YOUR TASK: Write out again the lines from the line with "Andaré Inspired Incentives Logo" up to and including the line with "JSP® 281-CR2FB-10 Reflective Kit, Silver", exactly as they stand below, and skip any picture.
*** SUPPLIED MATERIAL Section Begins ***
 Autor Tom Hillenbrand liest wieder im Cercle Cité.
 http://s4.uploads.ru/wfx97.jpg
*** SUPPLIED MATERIAL Section Ends ***
*** SUPPLIED MATERIAL Section Begins ***
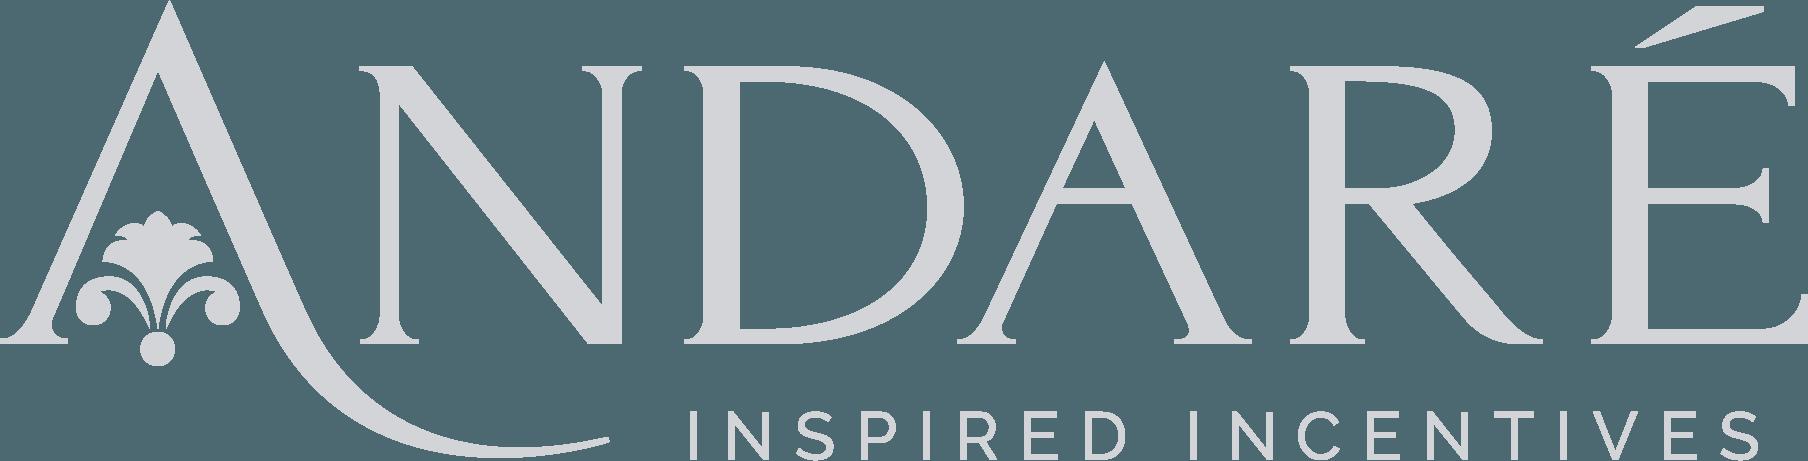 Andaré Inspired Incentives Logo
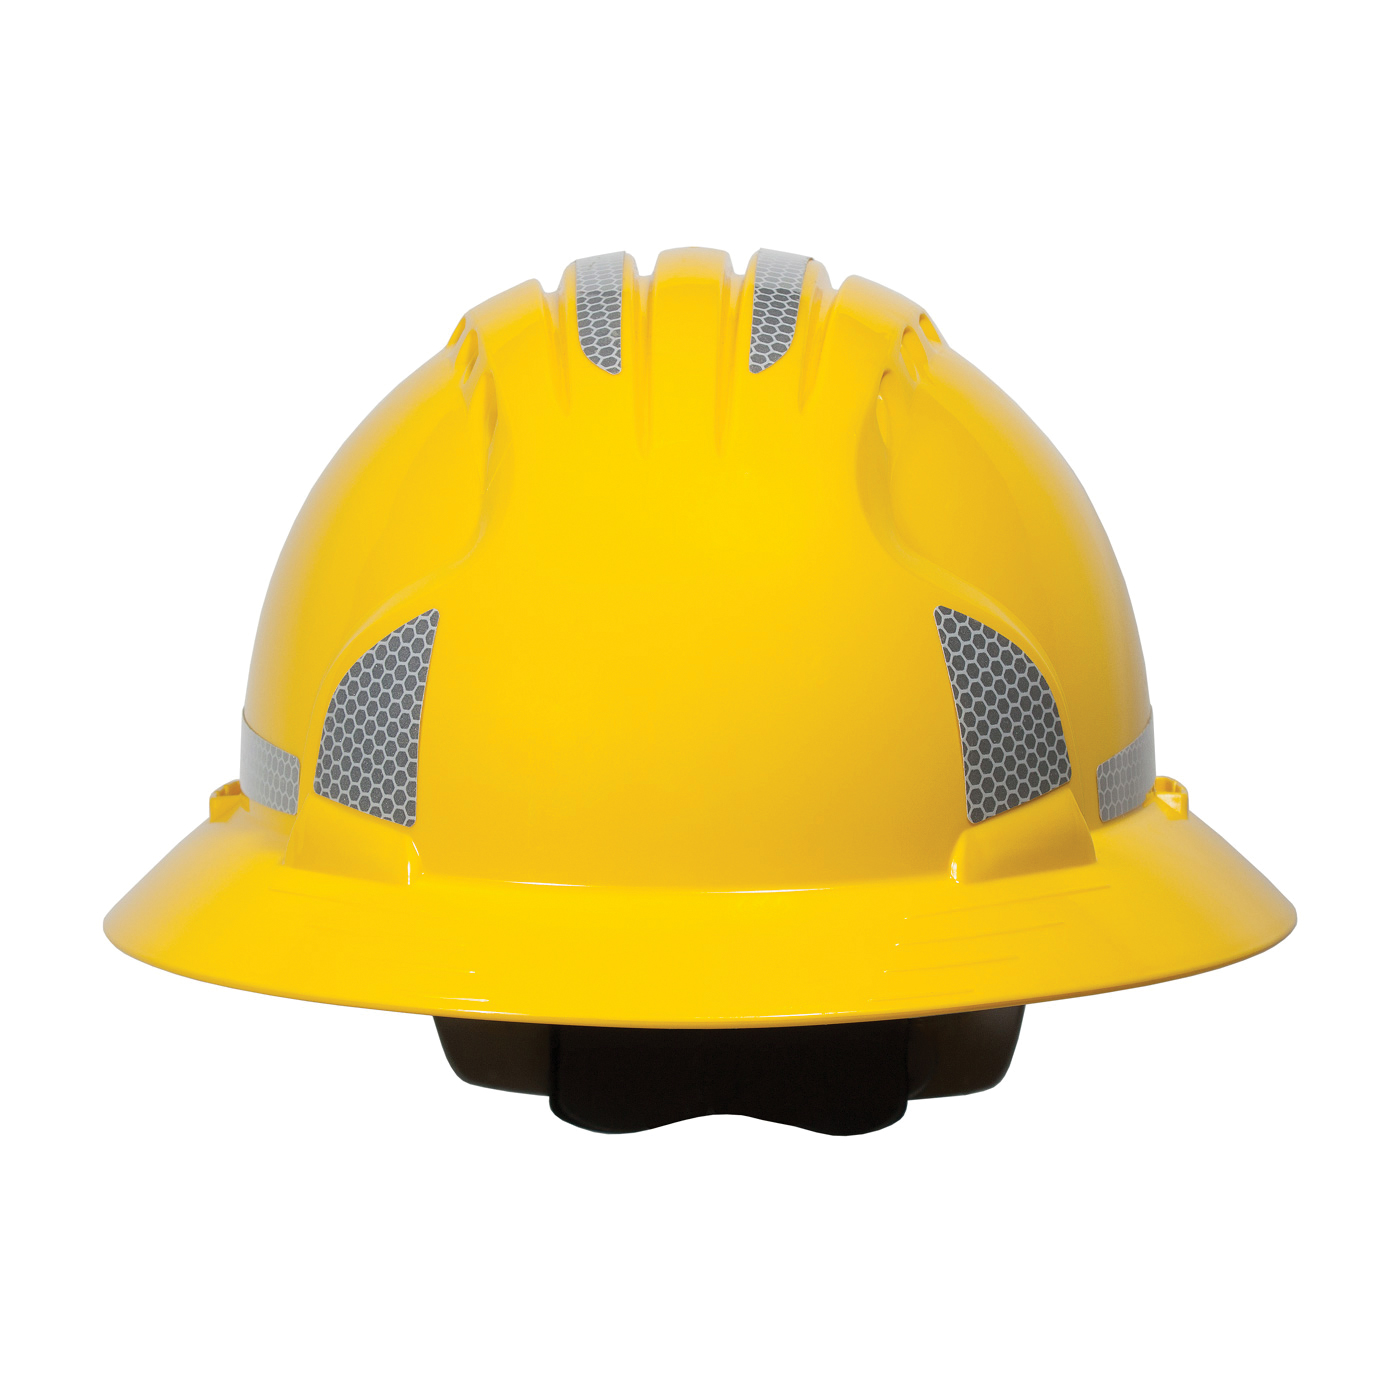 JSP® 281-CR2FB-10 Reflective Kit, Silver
*** SUPPLIED MATERIAL Section Ends ***
*** SUPPLIED MATERIAL Section Begins ***
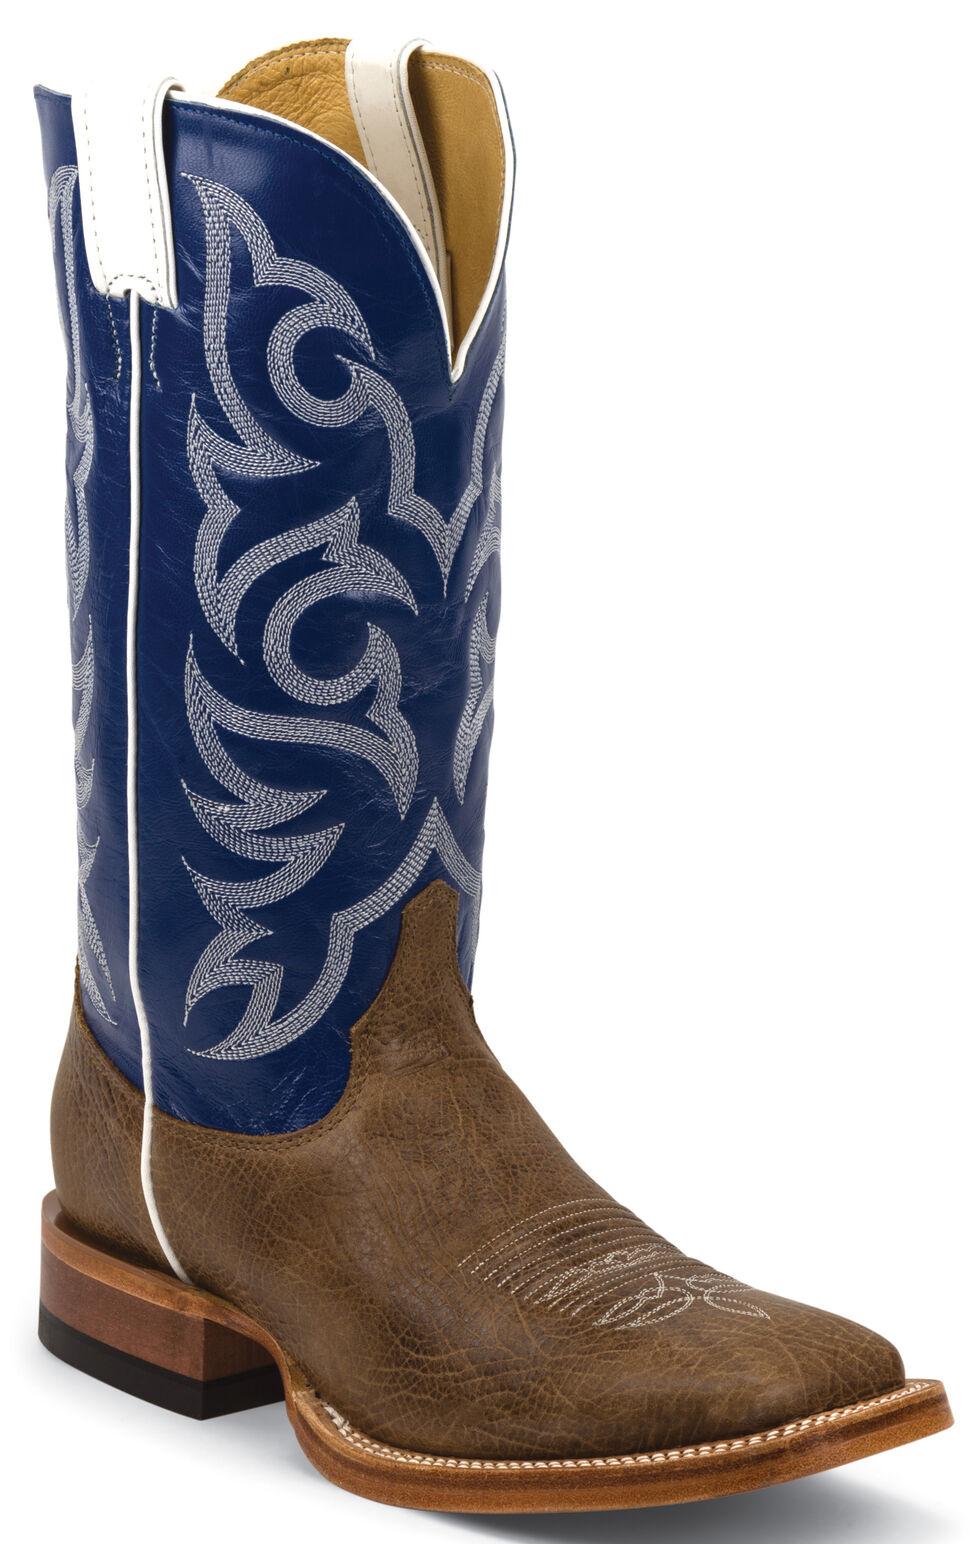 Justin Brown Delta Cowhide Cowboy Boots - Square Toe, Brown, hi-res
*** SUPPLIED MATERIAL Section Ends ***
EXERCISE RESULT:
 Andaré Inspired Incentives Logo
 JSP® 281-CR2FB-10 Reflective Kit, Silver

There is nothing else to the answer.